In many tech companies, QA gets blamed when a release is delayed. But what if QA isn't the problem? Let's look at real-world examples that reveal the actual root causes behind delays — and why it's time to stop blaming QA.
Example 1: Incomplete Build Handed to QA
A SaaS company rushed a build to QA with broken login and missing APIs. QA found several critical issues immediately. Leadership still wanted a demo to the client.
Example 2: Late Requirements, Last-Minute Testing
A banking product team finalized requirements 10 days into a 14-day sprint. Devs worked overtime and gave QA 1 day for testing.
Example 3: Missing Unit Tests by Developers
A logistics startup skipped unit testing. QA spent days identifying a critical bug that devs could’ve caught early.

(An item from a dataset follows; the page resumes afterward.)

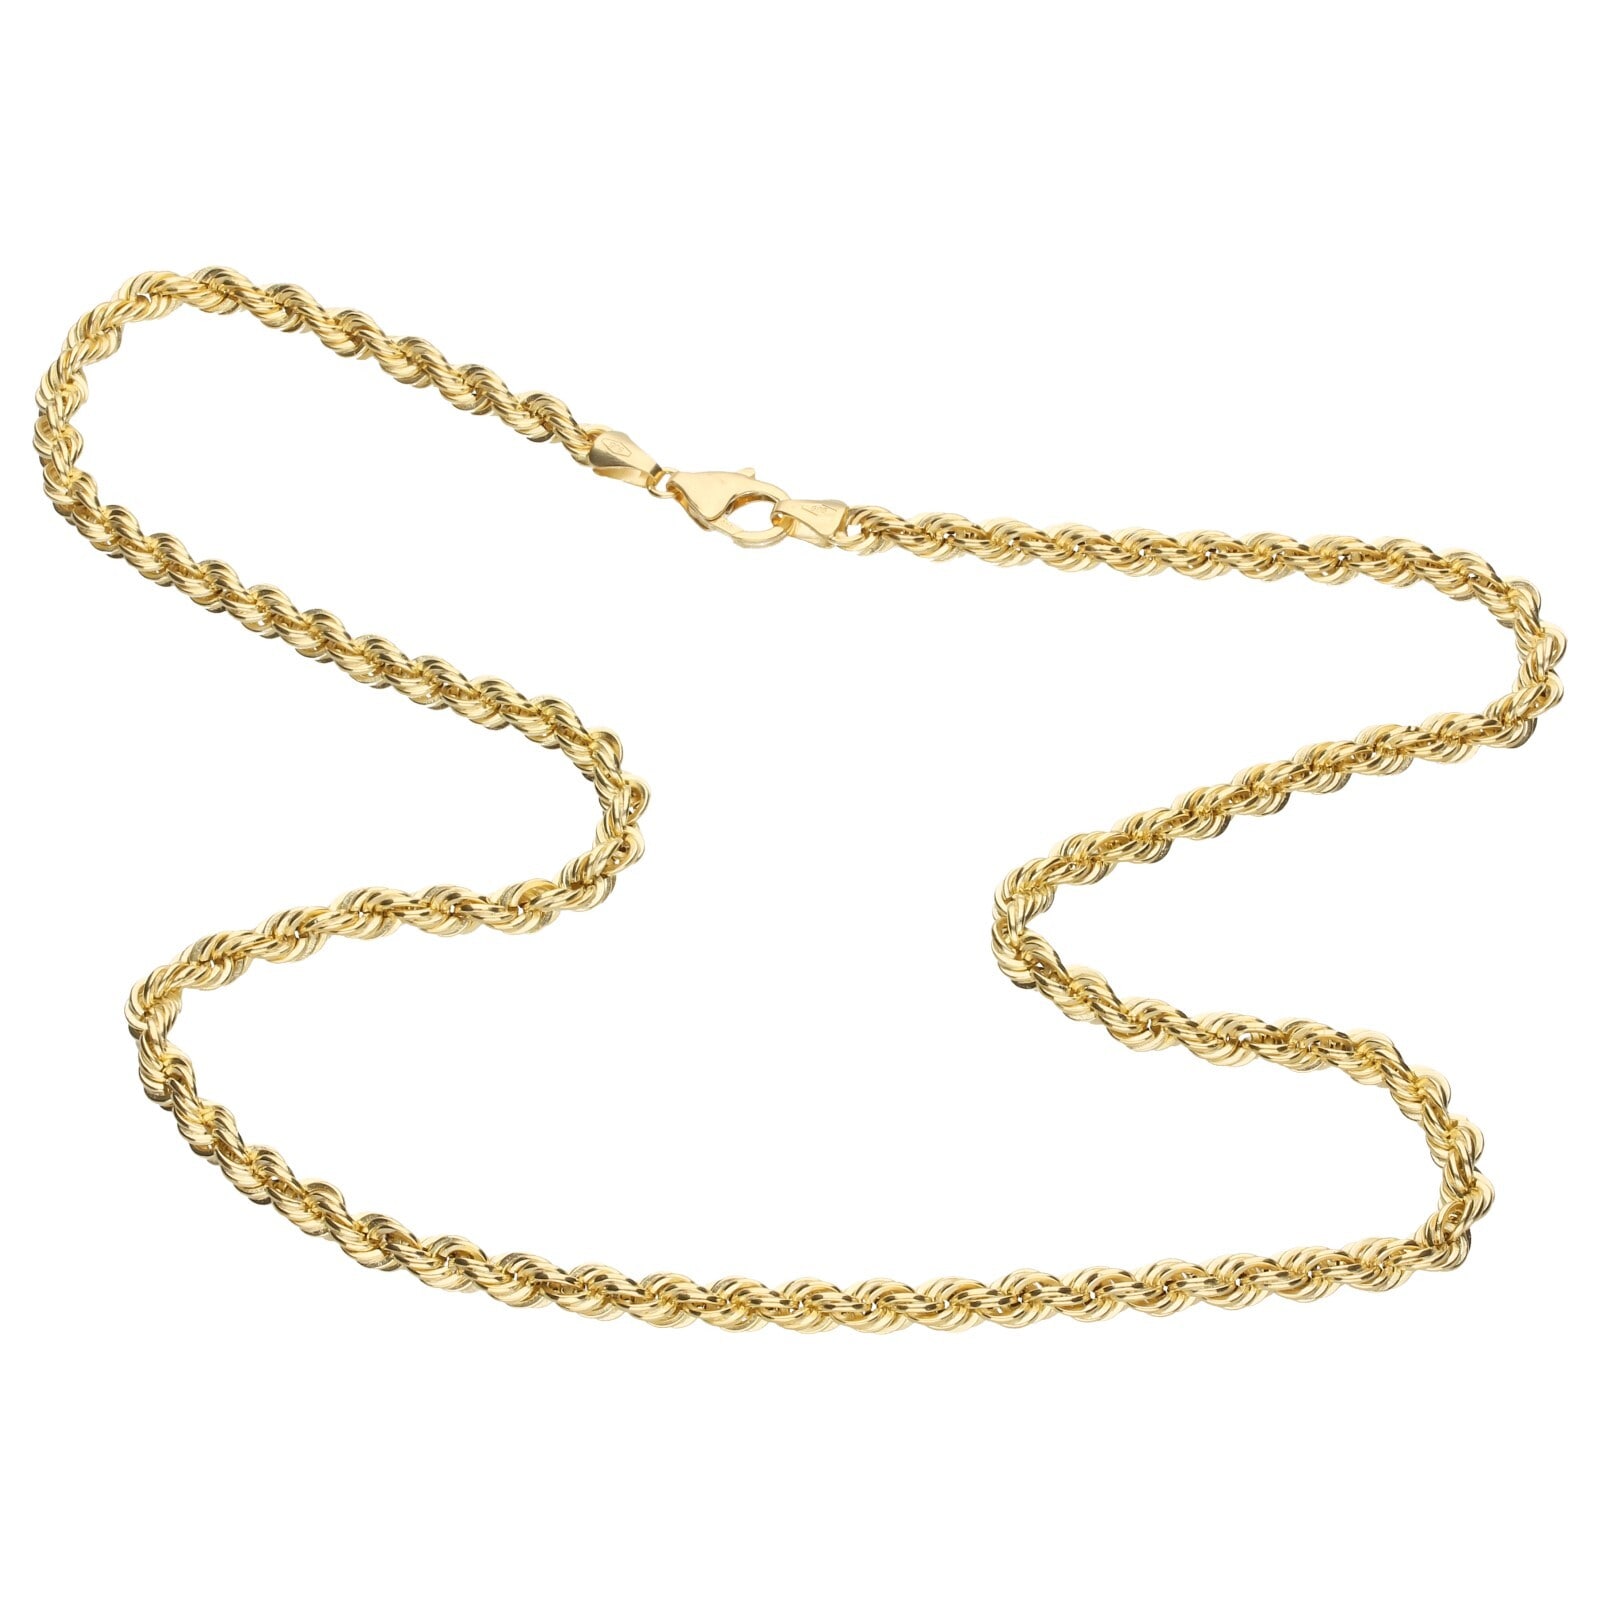 Gold bestellen »Kordelkette, Merano Luigi online | Goldkette BAUR hohl, 585«

Example 4: Skipping Regression Testing
An insurance platform skipped regression due to time pressure, despite QA’s warnings. The release broke existing features.
Example 5: Broken CI/CD Pipeline
QA flagged that automation and pipelines were flaky. Releases continued with failed tests, QA had to validate everything manually.
Final Thought
Across all examples, QA wasn't the cause — they were the safety net. Blaming QA for delays masks deeper issues in planning, communication, and engineering discipline.
- Involve QA early
- Respect their timelines
- Fix process gaps — not just bugs
Quality is everyone's job. Empower QA — don’t scapegoat them.